• Required work: Exclude the pictures, and otherwise reproduce the data in full.

• Given data:

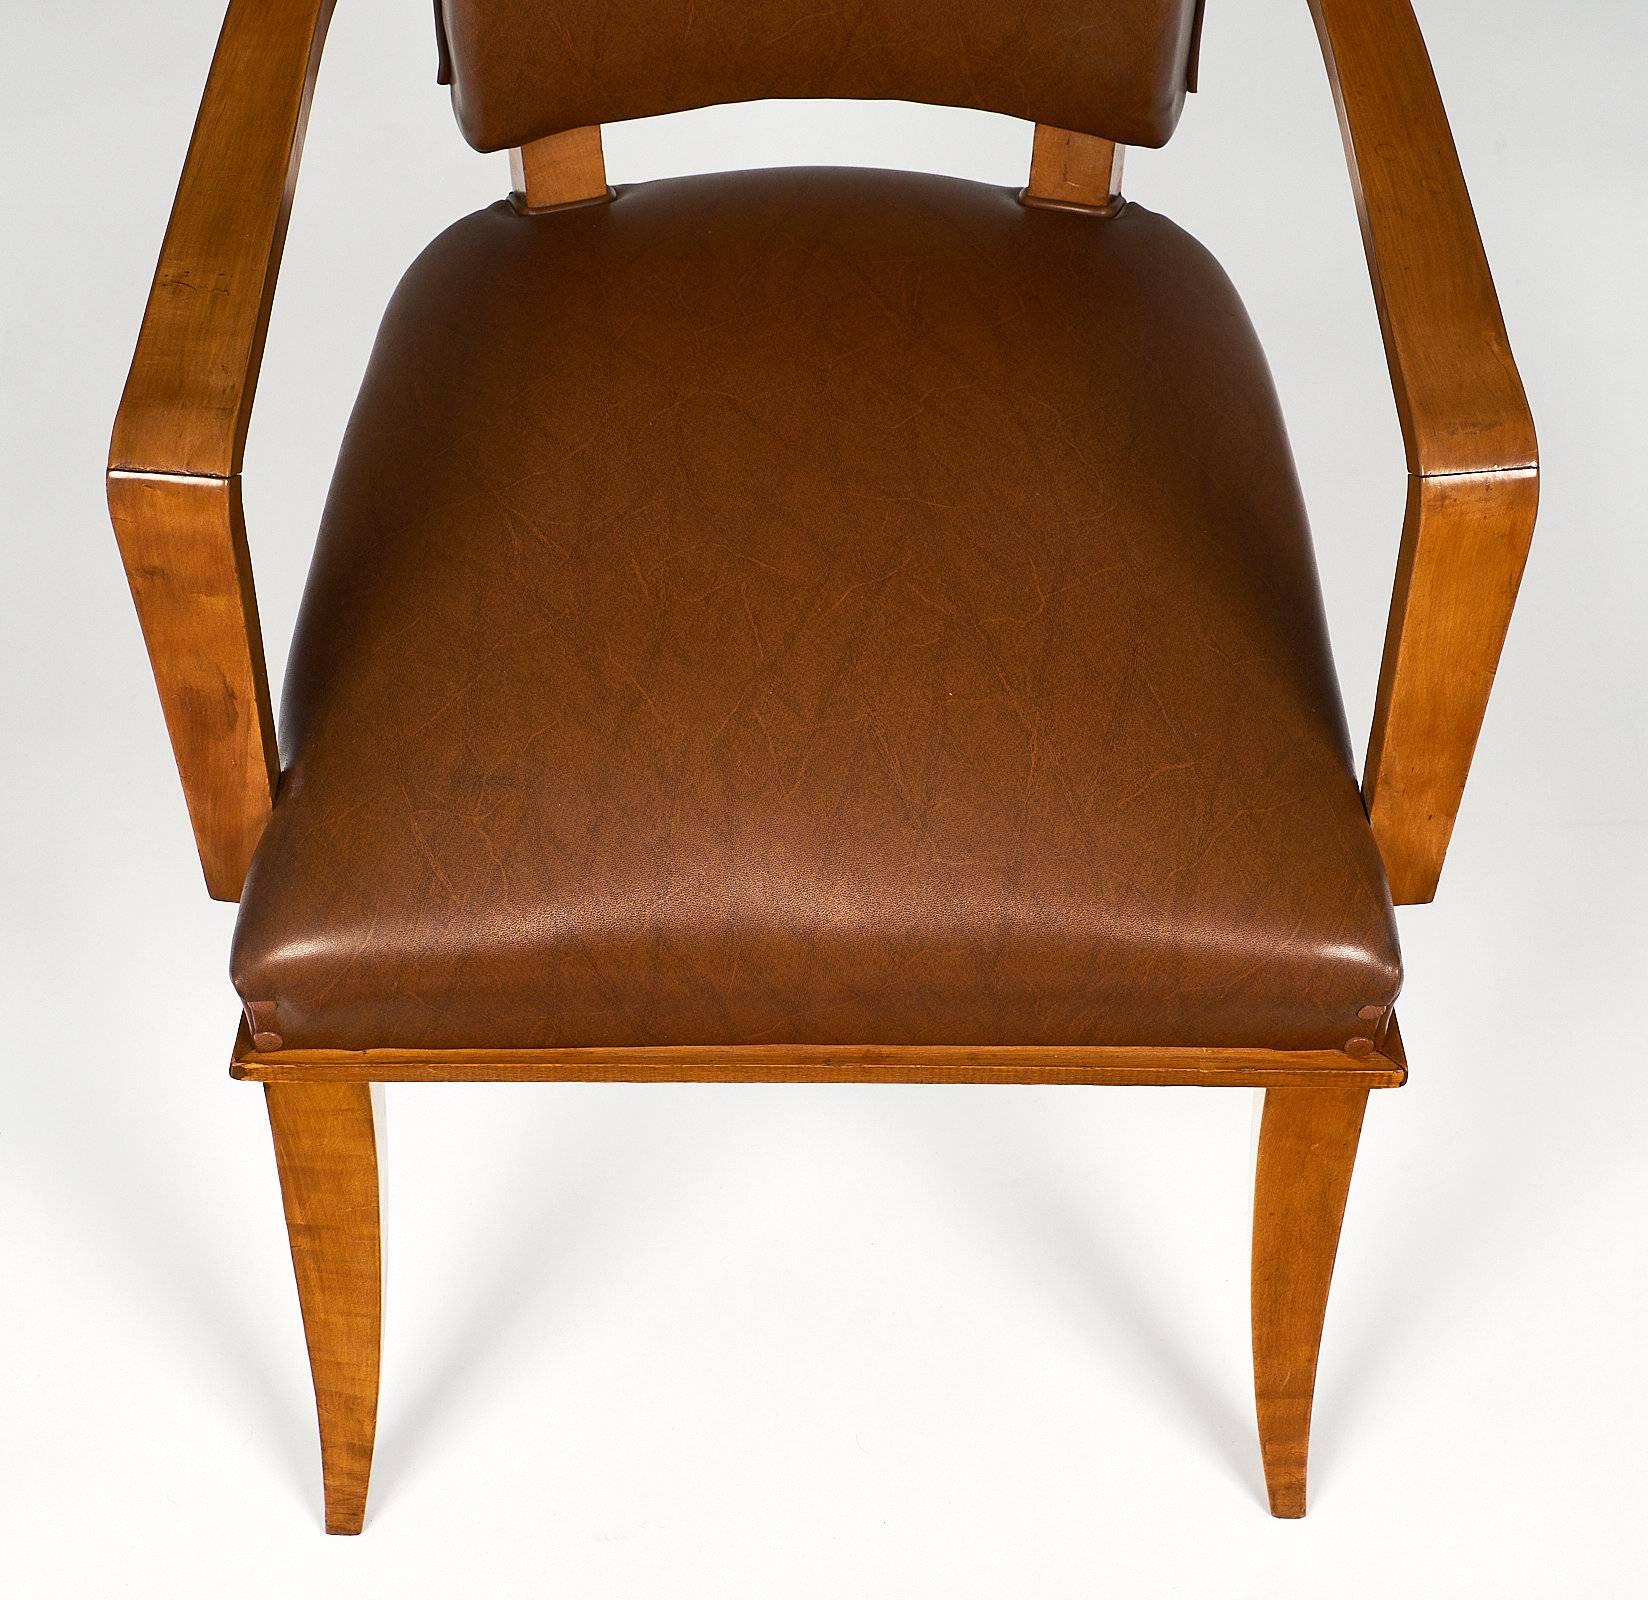 Mid-20th Century French Art Deco Bridge Chairs
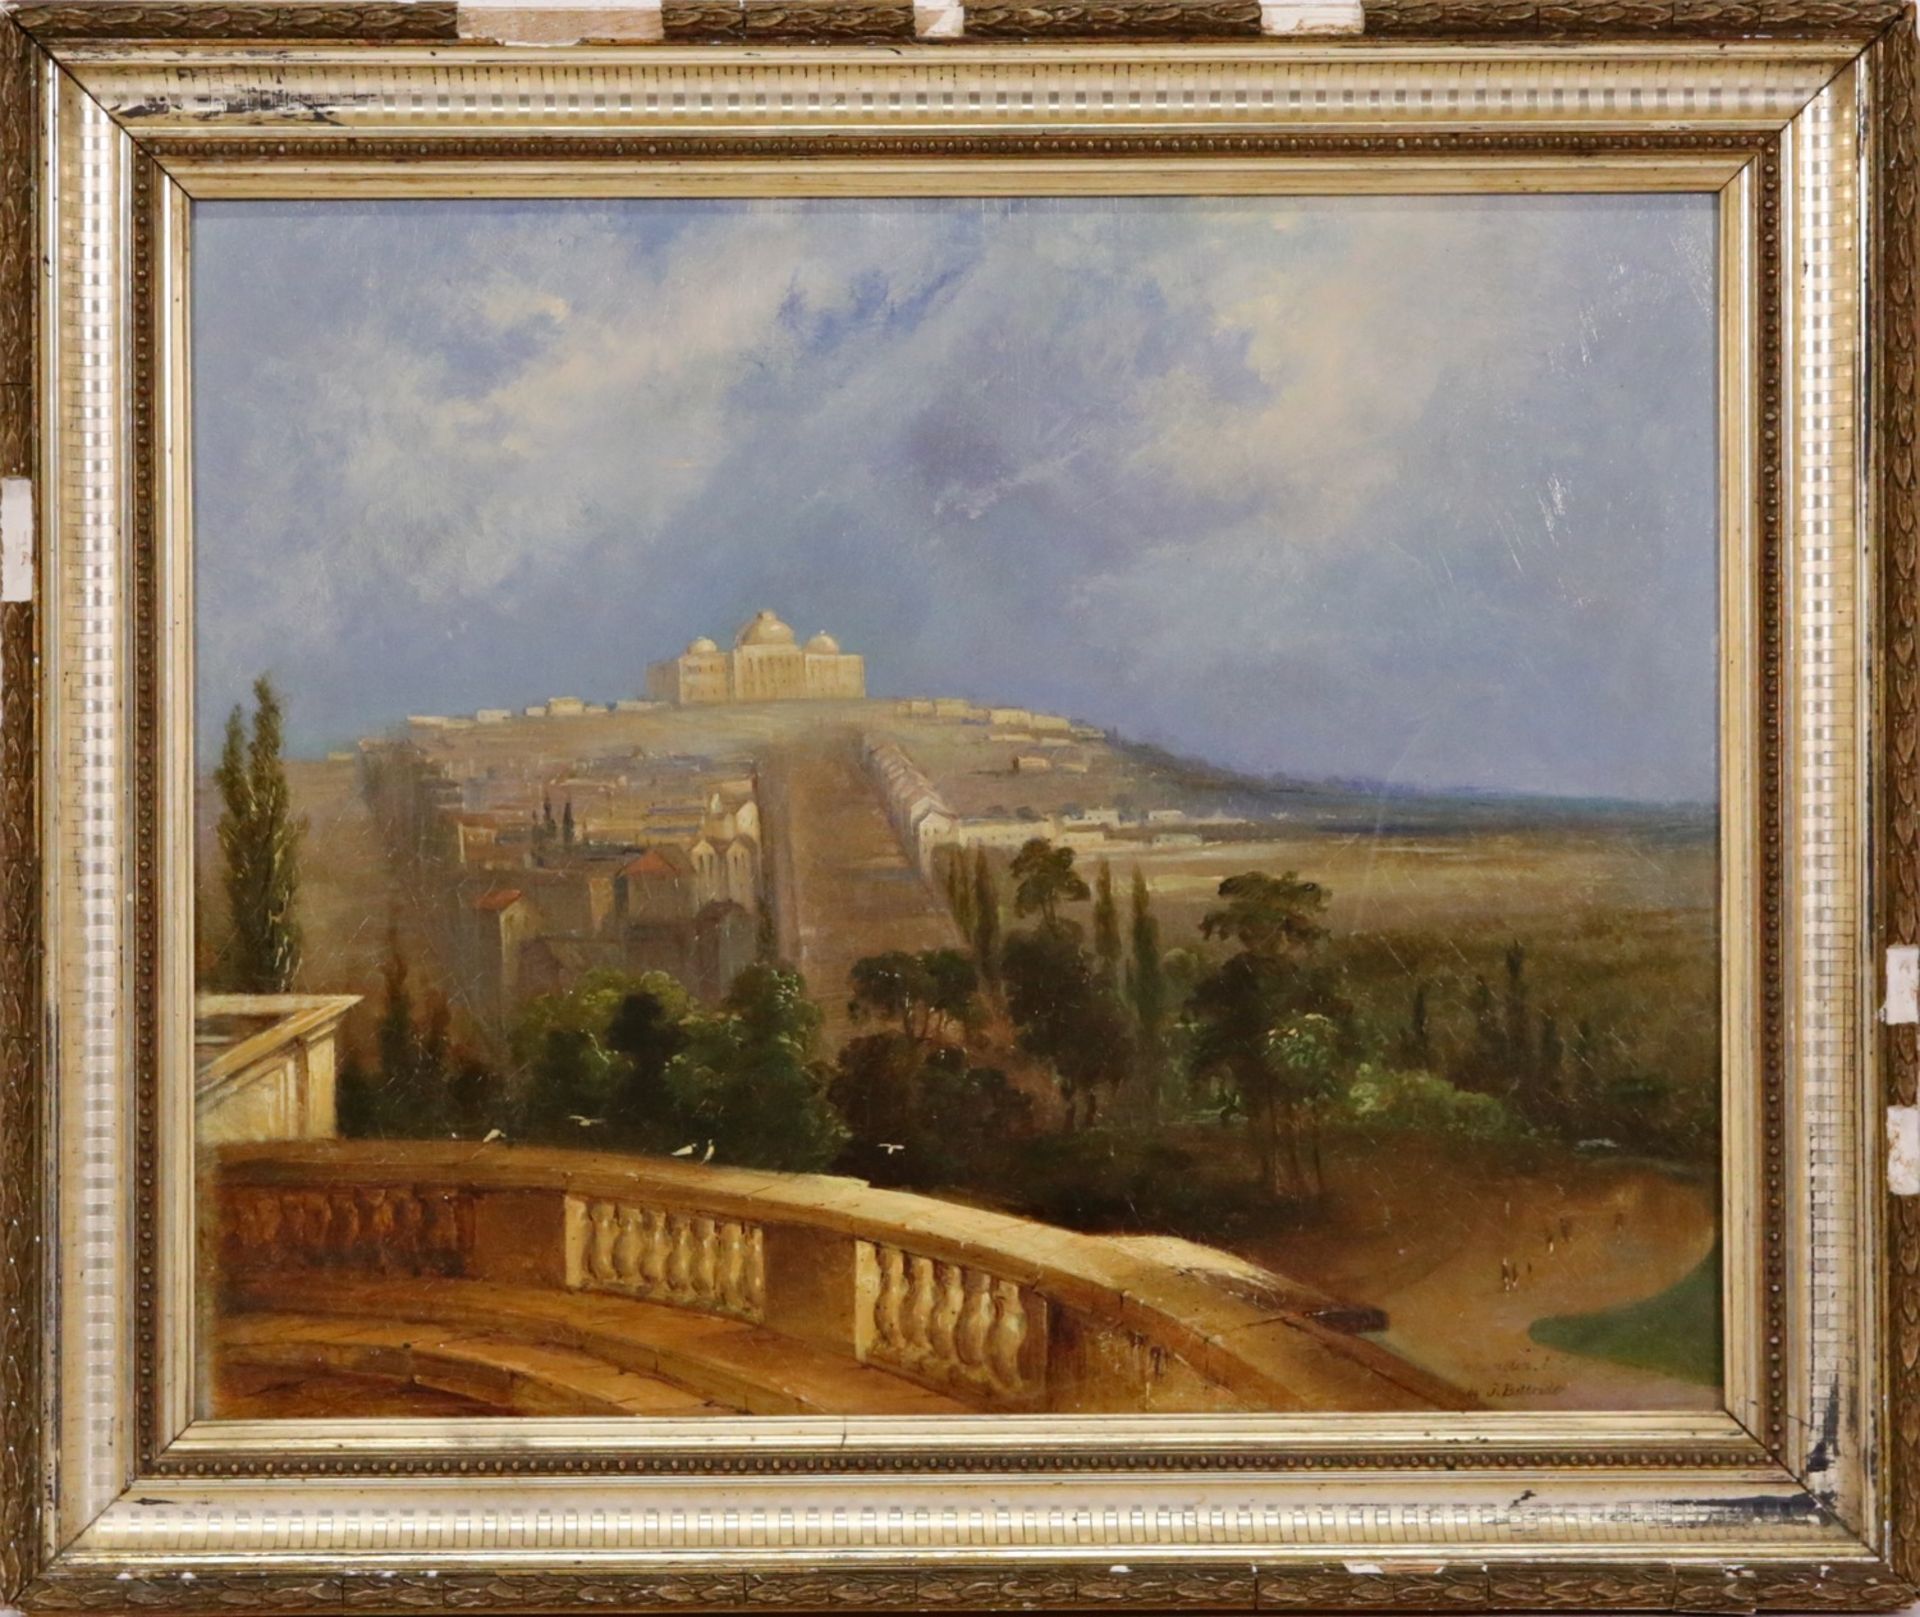 J.BETTRIDGE (XVIII - XIX) "MARSEILLES" and "WASHINGTON", a pair of paintings, oil on canvas, 19 _. - Image 2 of 9
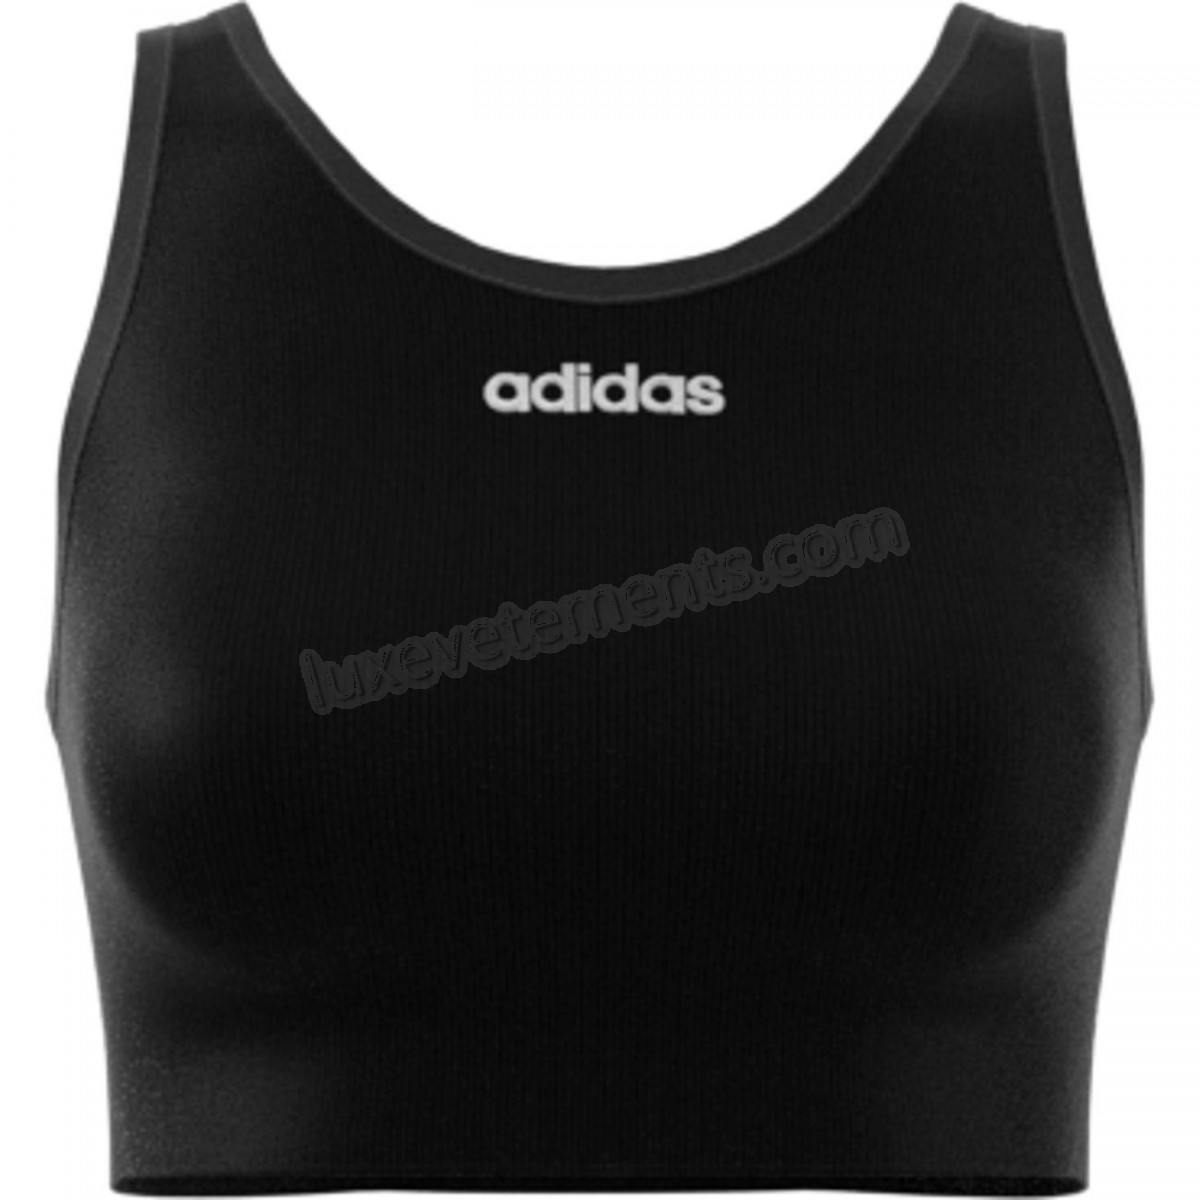 Adidas-Fitness femme ADIDAS Brassière adidas Core Training Vente en ligne - -10
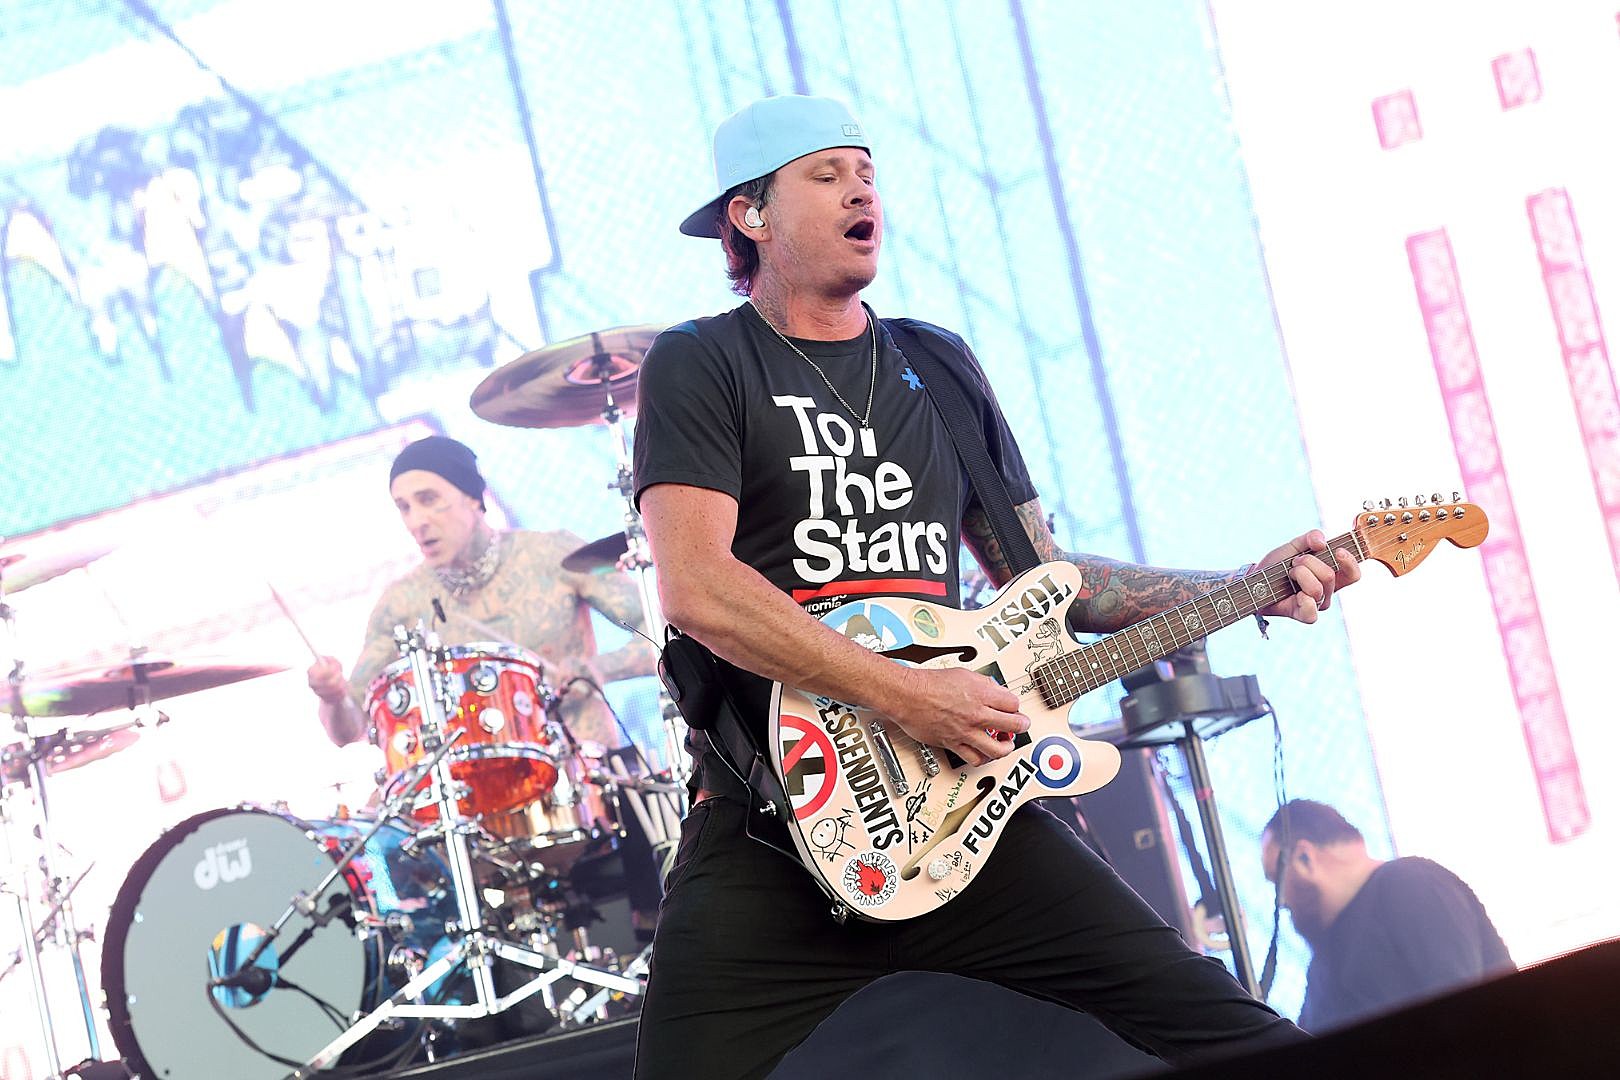 Fans Suspect blink-182’s Tom DeLonge Used Autotune at Coachella

• Exercise answer:
 Mid-20th Century French Art Deco Bridge Chairs
 J.BETTRIDGE (XVIII - XIX) "MARSEILLES" and "WASHINGTON", a pair of paintings, oil on canvas, 19 _. - Image 2 of 9
 Adidas-Fitness femme ADIDAS Brassière adidas Core Training Vente en ligne - -10
 Fans Suspect blink-182’s Tom DeLonge Used Autotune at Coachella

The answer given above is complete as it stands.